I agree. The environment variable solution will take some time to roll-out even if sites are motivated by GridPP to do it. Go with the lookup table.
John
-----Original Message-----
From: Testbed Support for GridPP member institutes [mailto:[log in to unmask]] On Behalf Of Andrew McNab
Sent: 05 April 2011 11:18
To: [log in to unmask]
Subject: Re: HEPSPEC06 numbers for GridPP metrics
On 04/04/2011 23:00, John Gordon wrote:
> Alistair, that is the plan. The problem is that panda and the ATLAS dashboards only record raw cpu time. The discussion here has been (or should have been) how to weight the panda numbers better to reflect the goodness of the site for ATLAS.
>
> For the others who weren't there it's worth pointing out that this isn't an exercise for tb-support. ATLAS will decide what metrics they want to use to reward the performance of sites supporting them. TB-support, or rather Andrew and Alessandra, were volunteered(*) to work out a method for giving ATLAS the information to weight by HS06.
>
> John
>
> (*) yes, volunteer is a transitive verb now:-)
And the ATLAS dashboard can give you CPU time used per-site or per
CE/queue combination, which gets us back to the original email.
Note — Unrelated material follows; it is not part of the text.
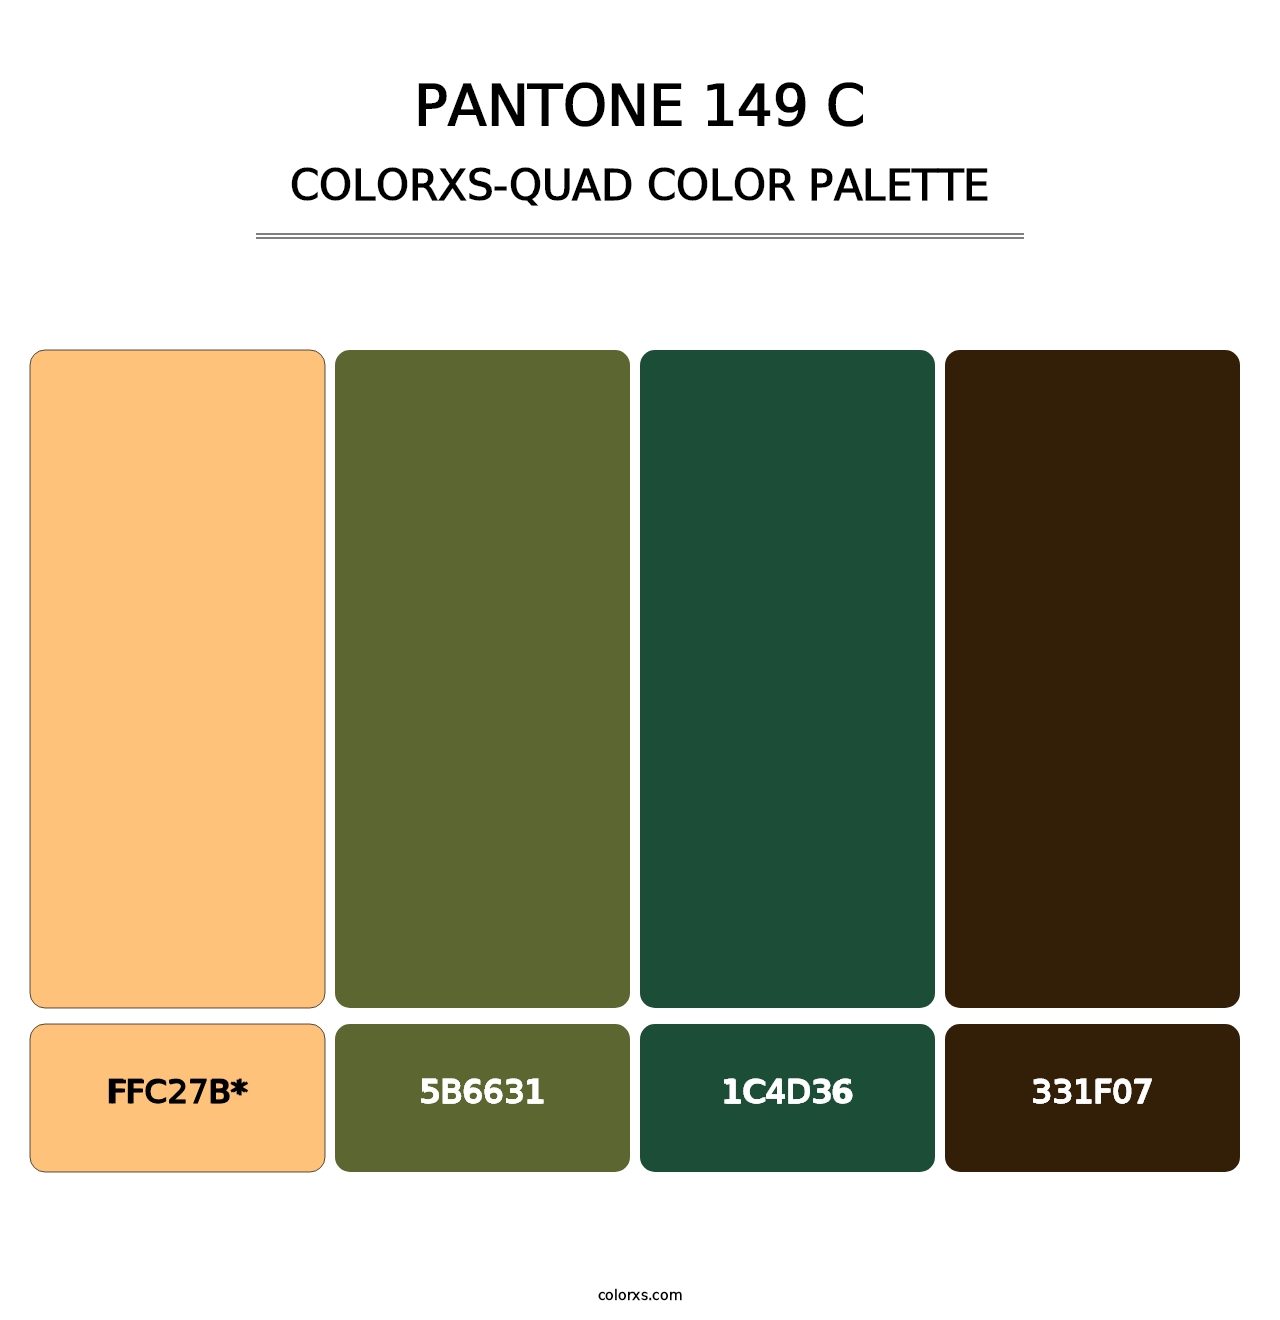 PANTONE 149 C - Colorxs Quad Palette

Going by what is visible today, are there any other options for getting
CPU time for analyis and for production jobs per site (ideally
per-subcluster eg via the CE/queue name since CPU model isn't available
on the dashboard)? If not, I think we should collect the list of
CE-queue name to HEPSPEC06/core mappings from sites so Steve can get
that working.
Ideally, yes, something like an environment variable with the HEPSPEC06
figure to be accounted by each job, recorded by the job and passed up
the chain and delivered as per-site totals would be best. But that is
going to involve changes in multiple levels of ATLAS's chain of stuff
and we need something up and running pretty much now to give people fair
notice before the start of May.
Andrew
> -----Original Message-----
> From: Testbed Support for GridPP member institutes [mailto:[log in to unmask]] On Behalf Of Alastair Dewhurst
> Sent: 04 April 2011 22:41
> To: [log in to unmask]
> Subject: Re: HEPSPEC06 numbers for GridPP metrics
>
> Hi
>
> I know I am coming quite late to the discussion and I also wasn't at
> GridPP so apologies if this has already been suggested and discounted
> but if you want a metric of how much work has been done surely we
> should just get this direct from panda.
>
> For any month period it shouldn't be too difficult to get the number
> of production and user jobs each site has run. Given that ATLAS
> request Tier 2 should run 50% user and 50% production jobs it would
> then be possible to weight them accordingly (and if ATLAS changed
> their request the weighting could be redone). It would then be
> possible to see which sites were doing the work that got sent to the
> UK. Most of the other suggestion seem to rely on some assumption
> that sites will be mostly full or the tier 1 will be mostly up or
> there will be a constant stream of jobs and thats not going to be the
> case.
>
> Alastair
>
>
>
> On 4 Apr 2011, at 18:20, Ewan MacMahon wrote:
>
>>> -----Original Message-----
>>> From: Testbed Support for GridPP member institutes [mailto:TB-
>>> [log in to unmask]] On Behalf Of Stephen Burke
>>>
>>> Alessandra Forti [mailto:[log in to unmask]] said:
>>>> and we are trying to find a metric that expresses how best a site is
>>>> performing.
>>>
>>> So what is the argument that says that one site is performing
>>> better than
>>> another if it gets some jobs that either site could have run? If
>>> the other
>>> site is full, down or blacklisted that should count against it, but
>>> otherwise it's just chance.
>>>
>> Given the increase in experimental computing requirements and the
>> decrease in budgets, I think the underlying assumption is that
>> under normal circumstances (i.e. not when the Tier 1 is dead, for
>> example) there will be work enough to go round, and it's just a
>> question of what we can get through.
>>
>>> (Well, in practice it probably correlates with storage but presumably
>>> that's another metric.)
>>>
>> For ATLAS I think that's actually rather the point - if a site
>> has, for example, a very fast site network link and can get fresh
>> interesting data sets into its storage and ready to analyse faster
>> than other sites can, then that's a genuine improvement in throughput
>> and they should get the credit for it.
>>
>> If we can stop measuring by artificial metrics and actually measure
>> real results delivered then it automatically gives credit for
>> everything a site can do to help and eliminates perverse incentives
>> for things like turning turbo mode off. Or delivering lots of very
>> slow disk to get the 'terabyte days' metric up. Or whatever.
>>
>> Ewan
--
Cheers,
Andrew
--------------------------------------------------------------
Dr Andrew McNab, High Energy Physics, University of Manchester
|